• _What the task requires_
A verbatim reproduction of the following listing is required; omit the pictures.

• _Collected data_
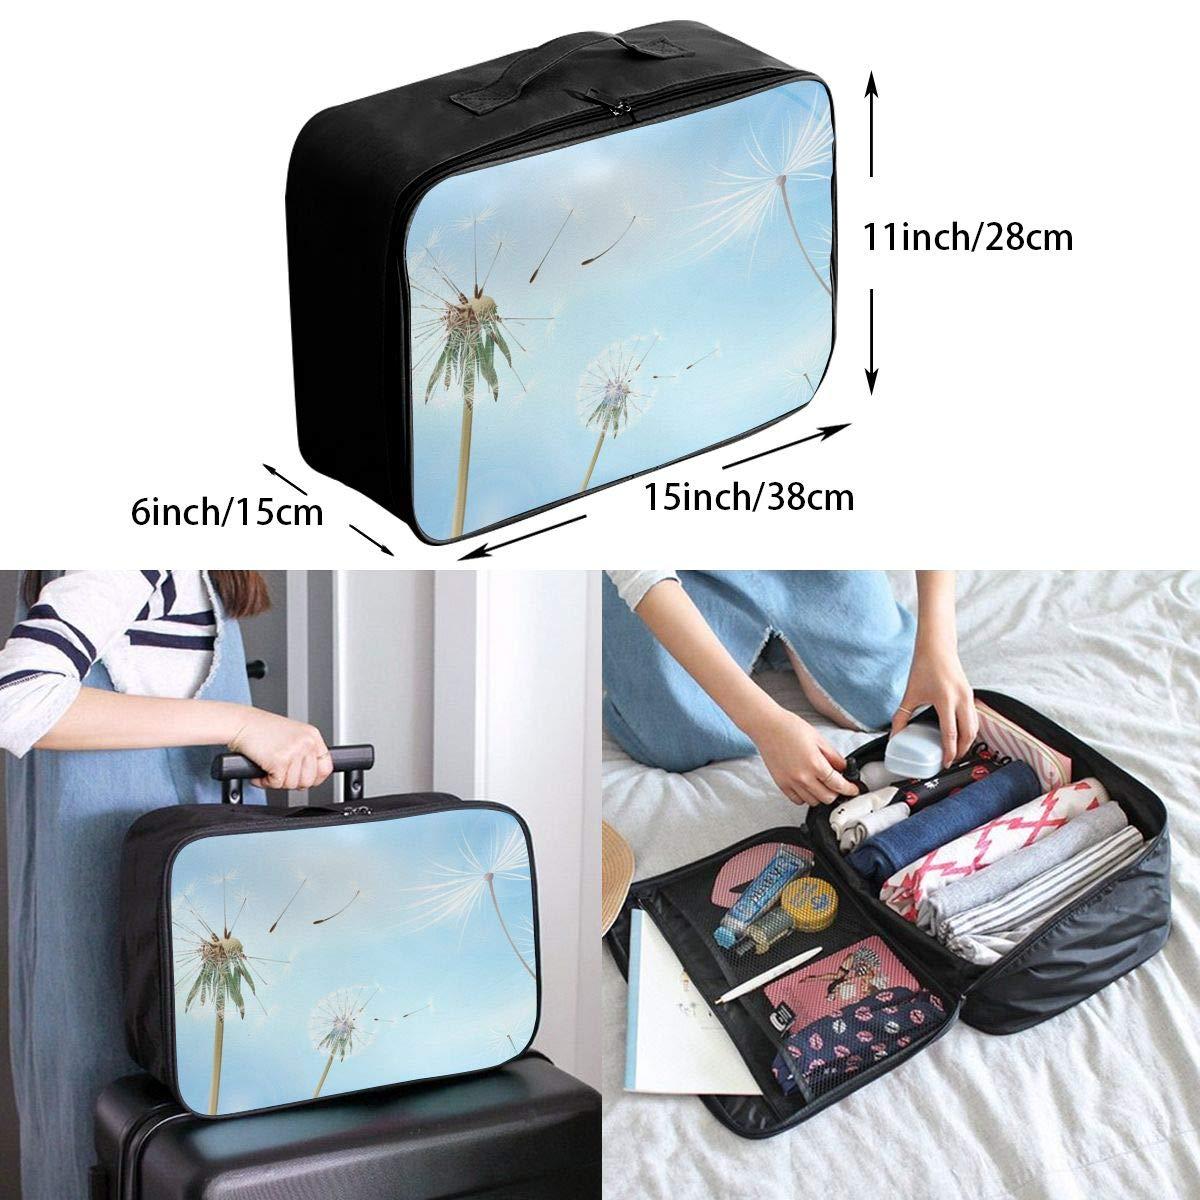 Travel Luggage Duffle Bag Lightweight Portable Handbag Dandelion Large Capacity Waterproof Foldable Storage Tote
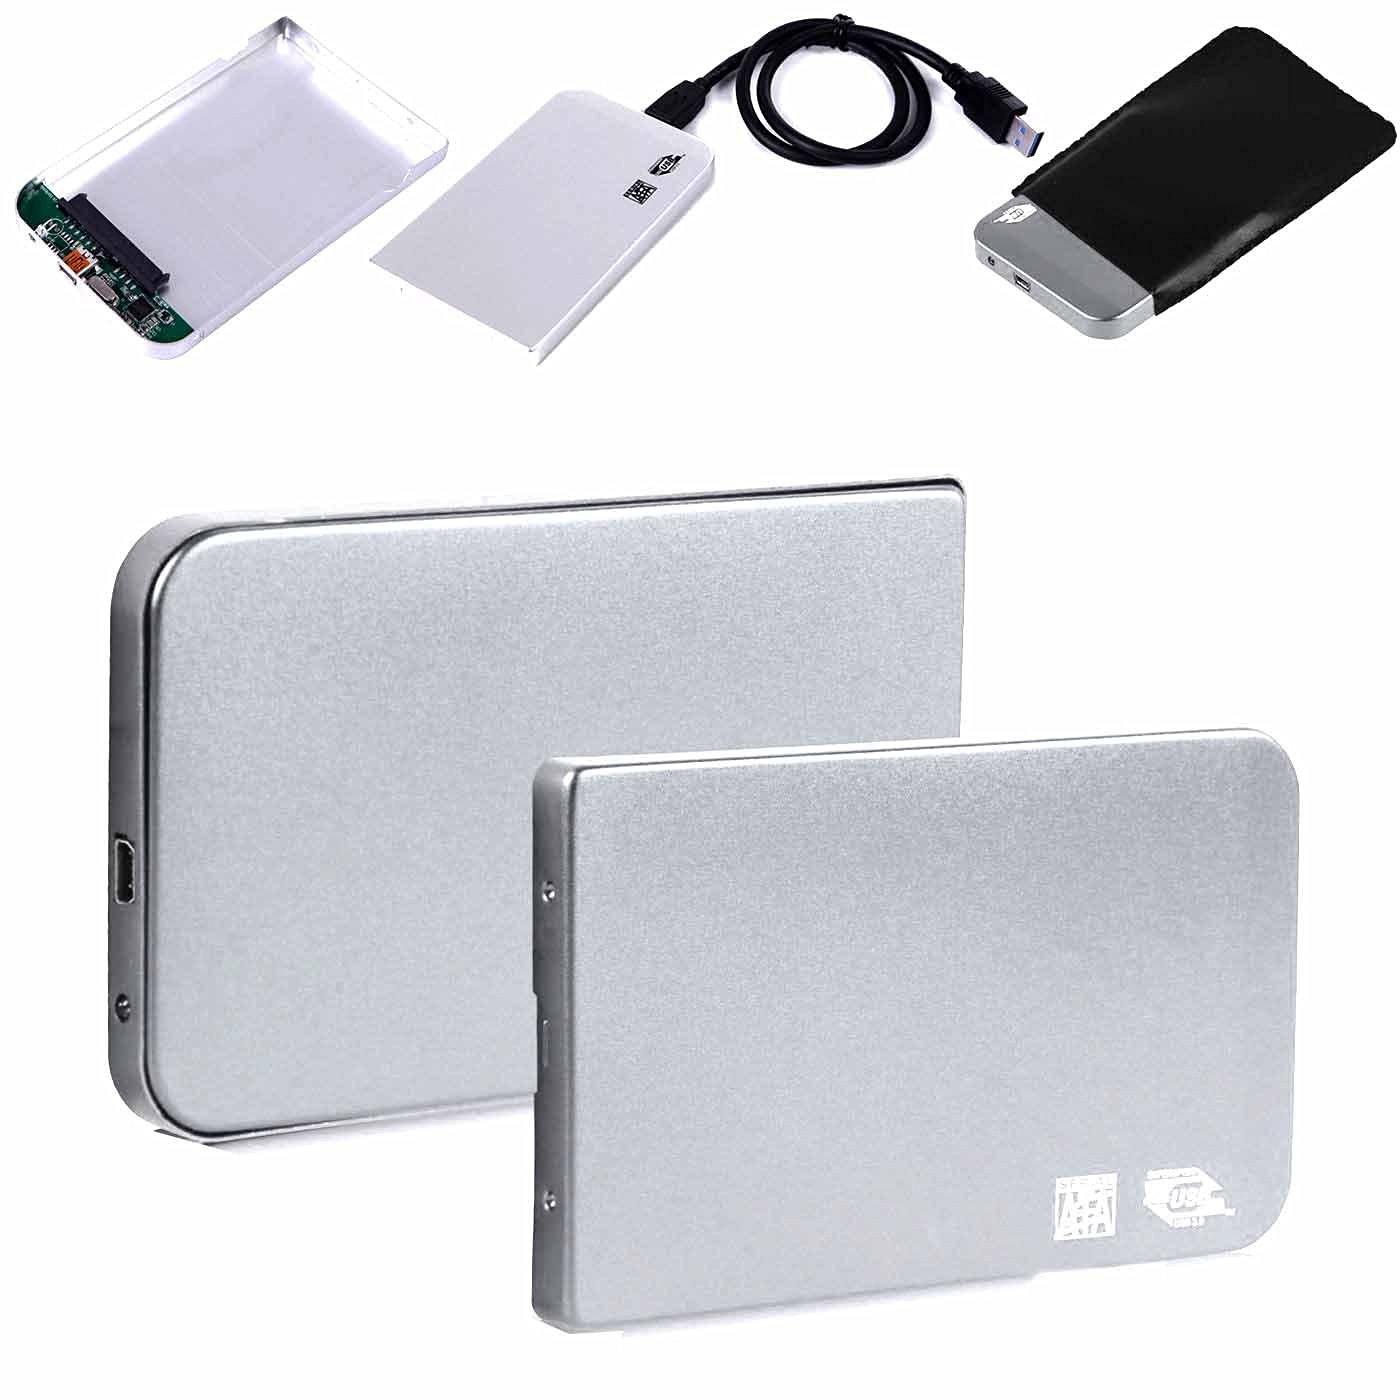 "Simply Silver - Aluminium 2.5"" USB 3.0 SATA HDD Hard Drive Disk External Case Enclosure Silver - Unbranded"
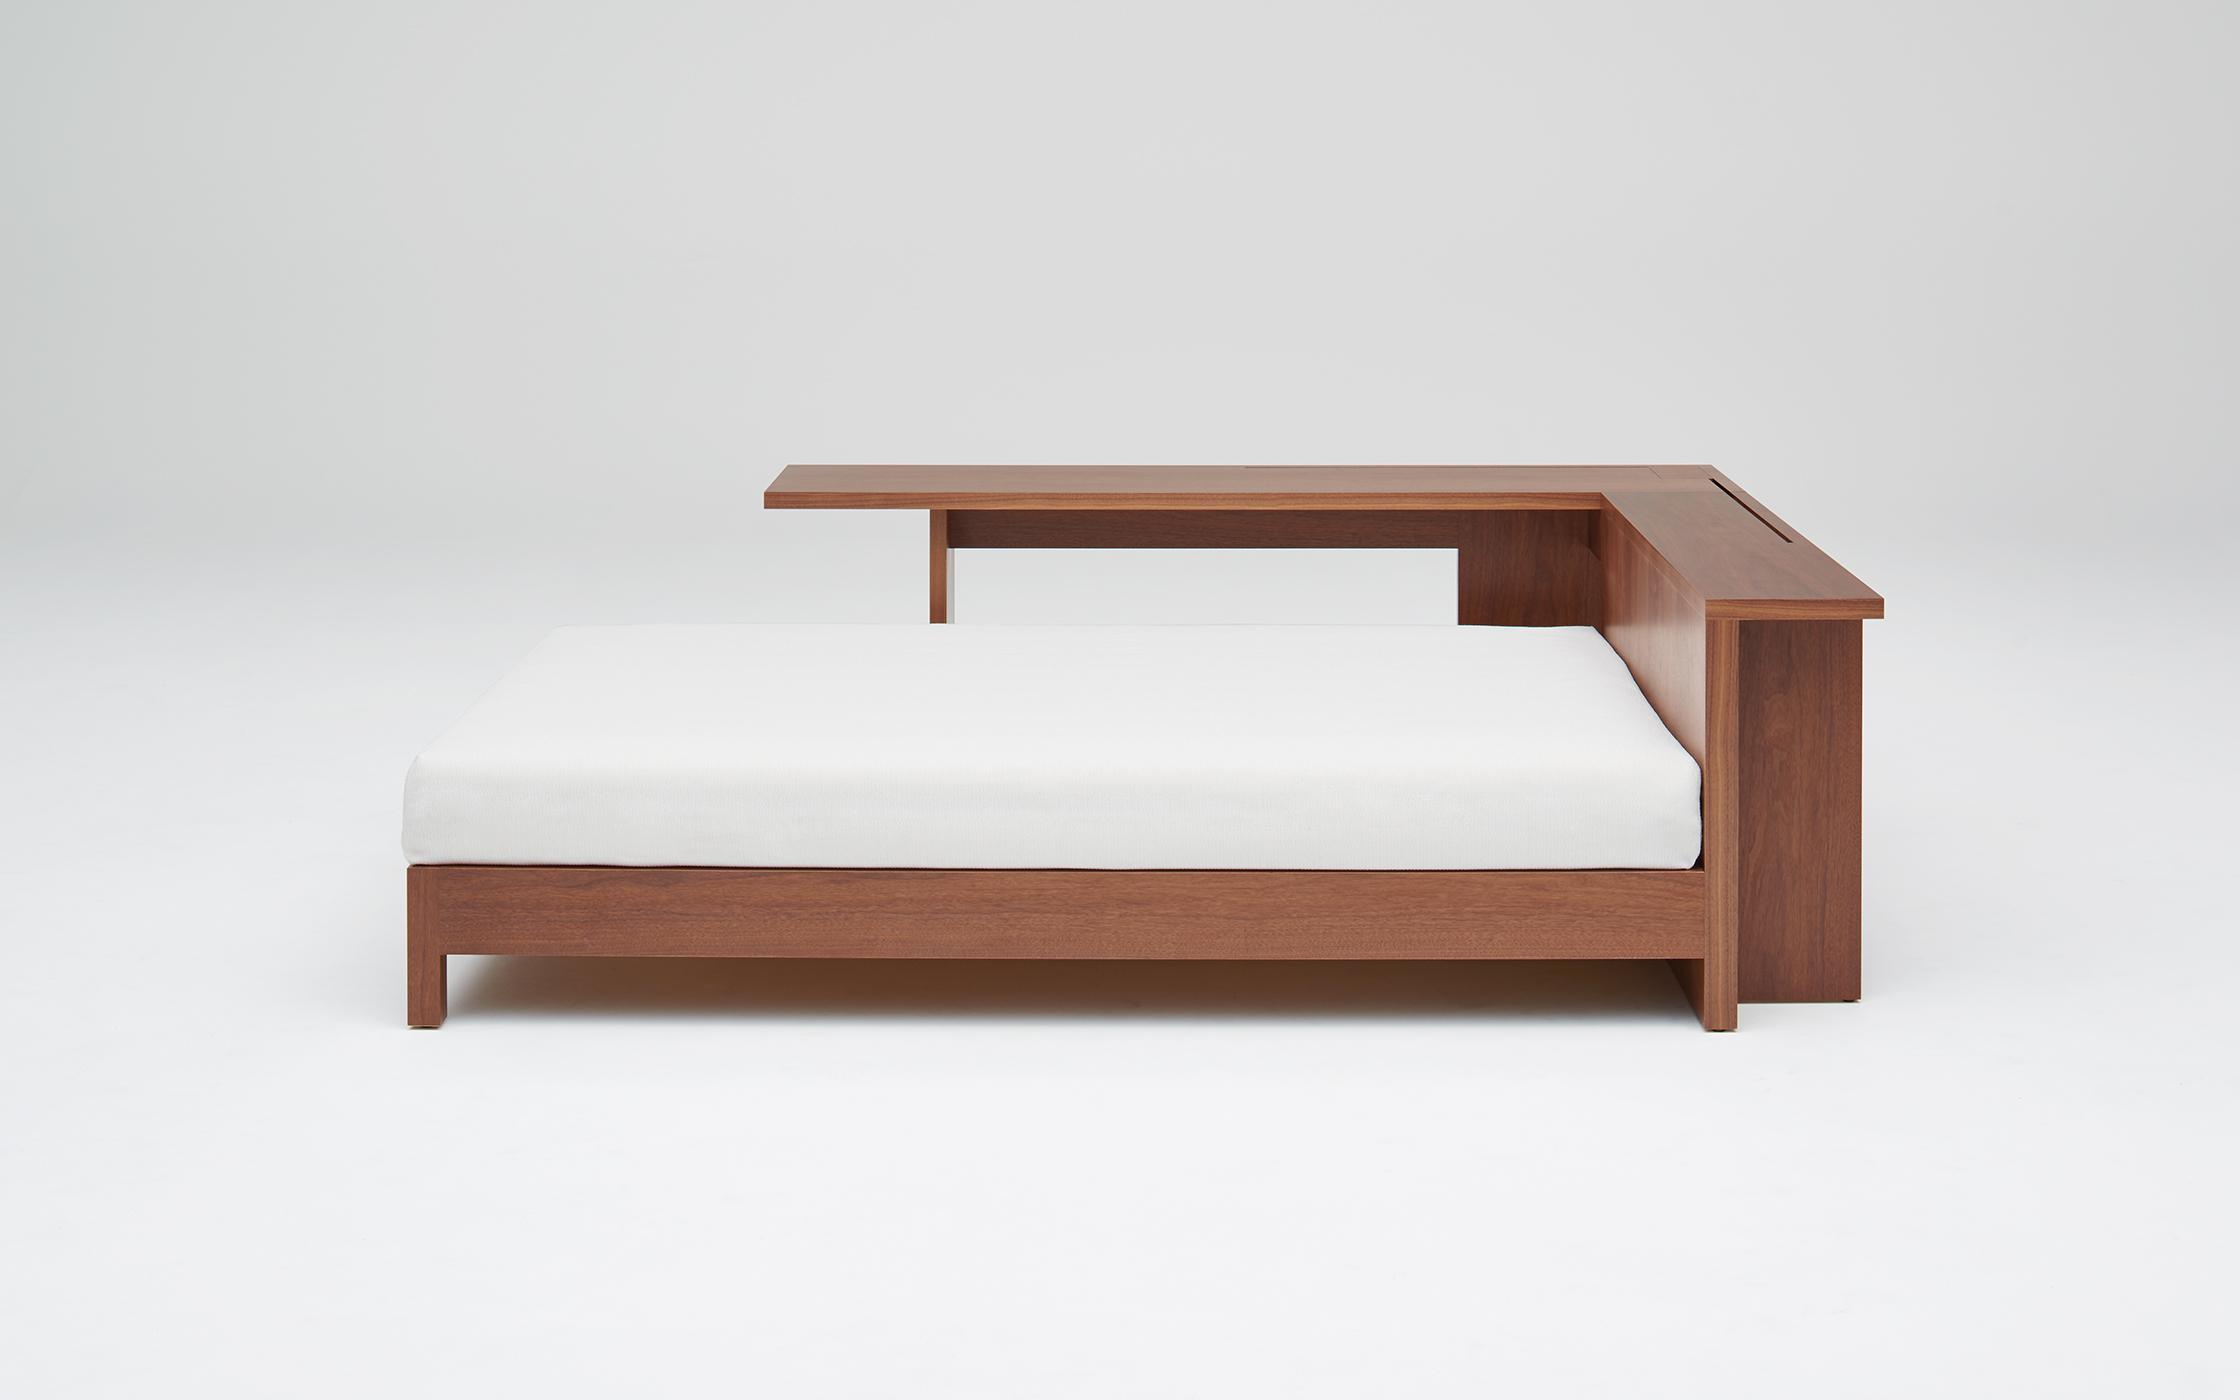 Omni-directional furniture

• _Answer for this exercise_
 Travel Luggage Duffle Bag Lightweight Portable Handbag Dandelion Large Capacity Waterproof Foldable Storage Tote
 "Simply Silver - Aluminium 2.5"" USB 3.0 SATA HDD Hard Drive Disk External Case Enclosure Silver - Unbranded"
 Omni-directional furniture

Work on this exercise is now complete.